Michael Luke Mejares (born June 26, 1975) is a Filipino singer and songwriter of African-American descent.

Life
Mejares was born in Manila, to a Boholana mother, Elvira P. Mejares, and an African-American father named Robert Davis. His biological father left him when Mejares was still young and grew up with a stepfather named Leonides S. Mejares in Tagbilaran, Bohol.
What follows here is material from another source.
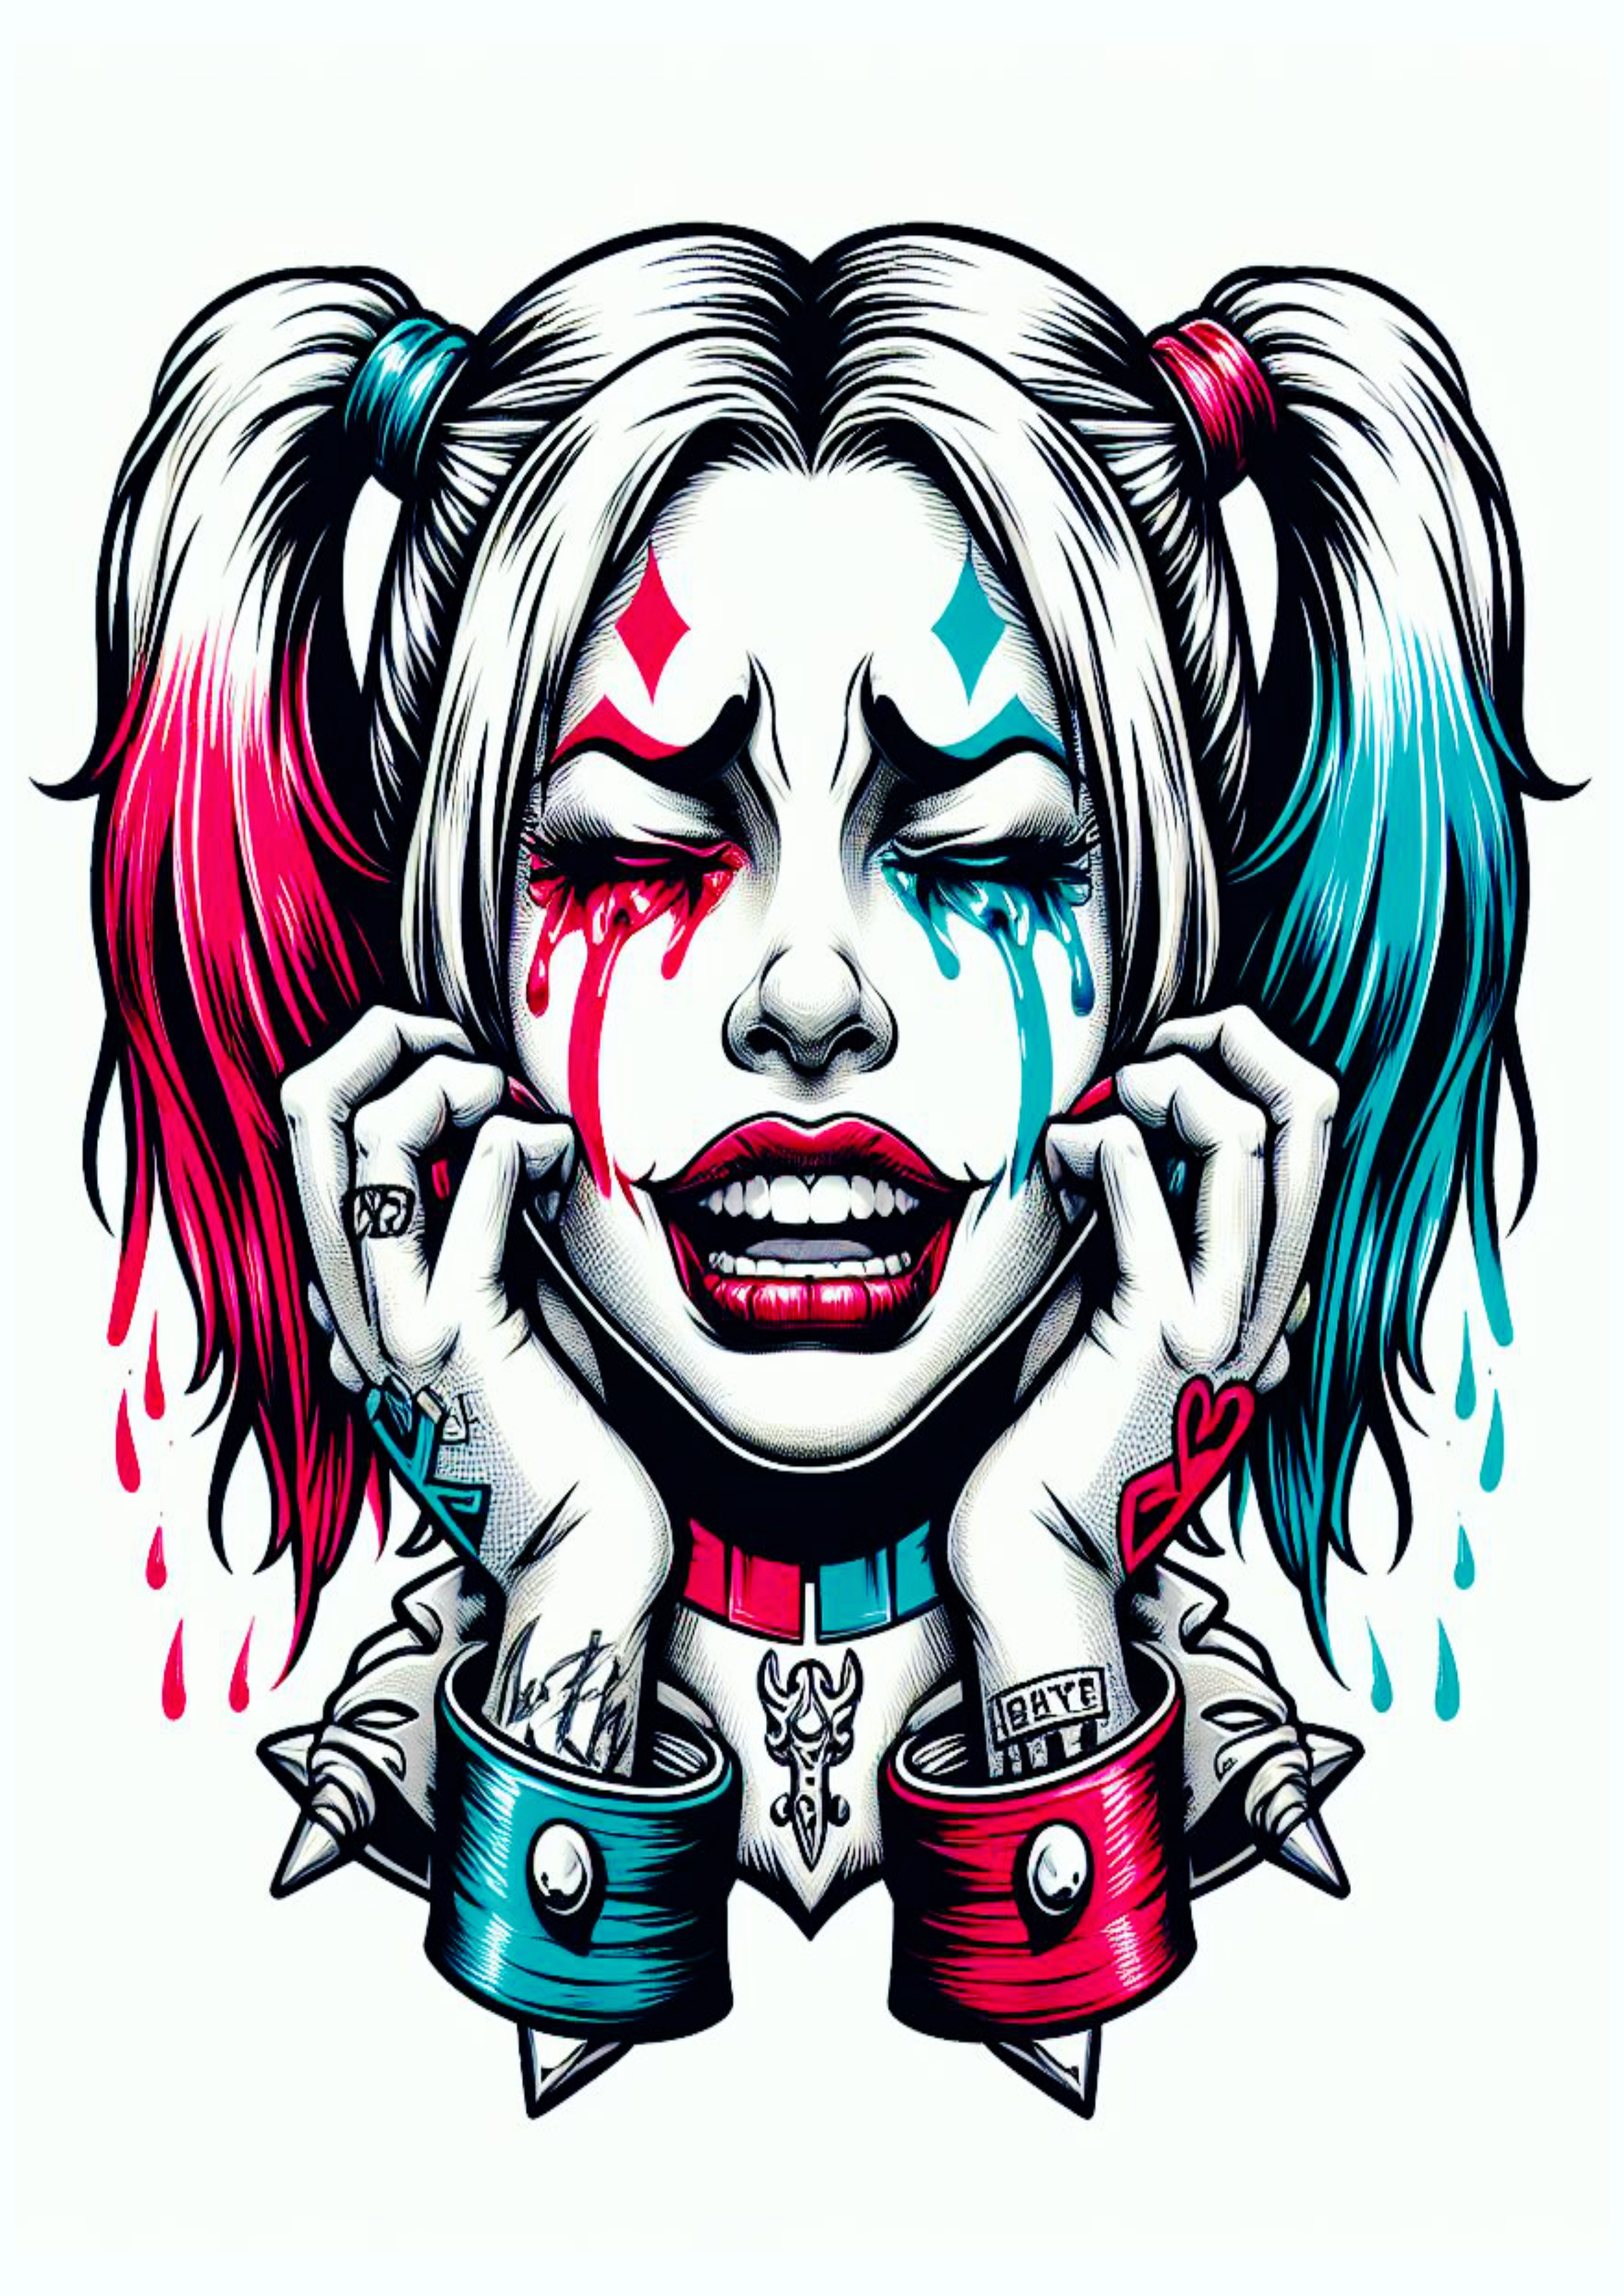 Arlequina chorando desenho colorida para tatuagem Harley Quinn desespero psicopata perturbadora artes visuais png

Mejares studied elementary and high school in University of Bohol in Tagbilaran City, while he completed Bachelor of Arts in English major in Marketing Studies at University of San Jose – Recoletos in Cebu City.

Works
He was chosen as the new vocalist of neo-soul band, South Border in 1998 replacing Brix Ferraris, but he decided to pursue his solo career in 2002. He was also one of the co-hosts of Sabado Boys, a weekly musical talk show on TV5.

Luke Mejares also joined the fraternity for youth, the Order of Demolay in his native of Tagbilaran City, Bohol.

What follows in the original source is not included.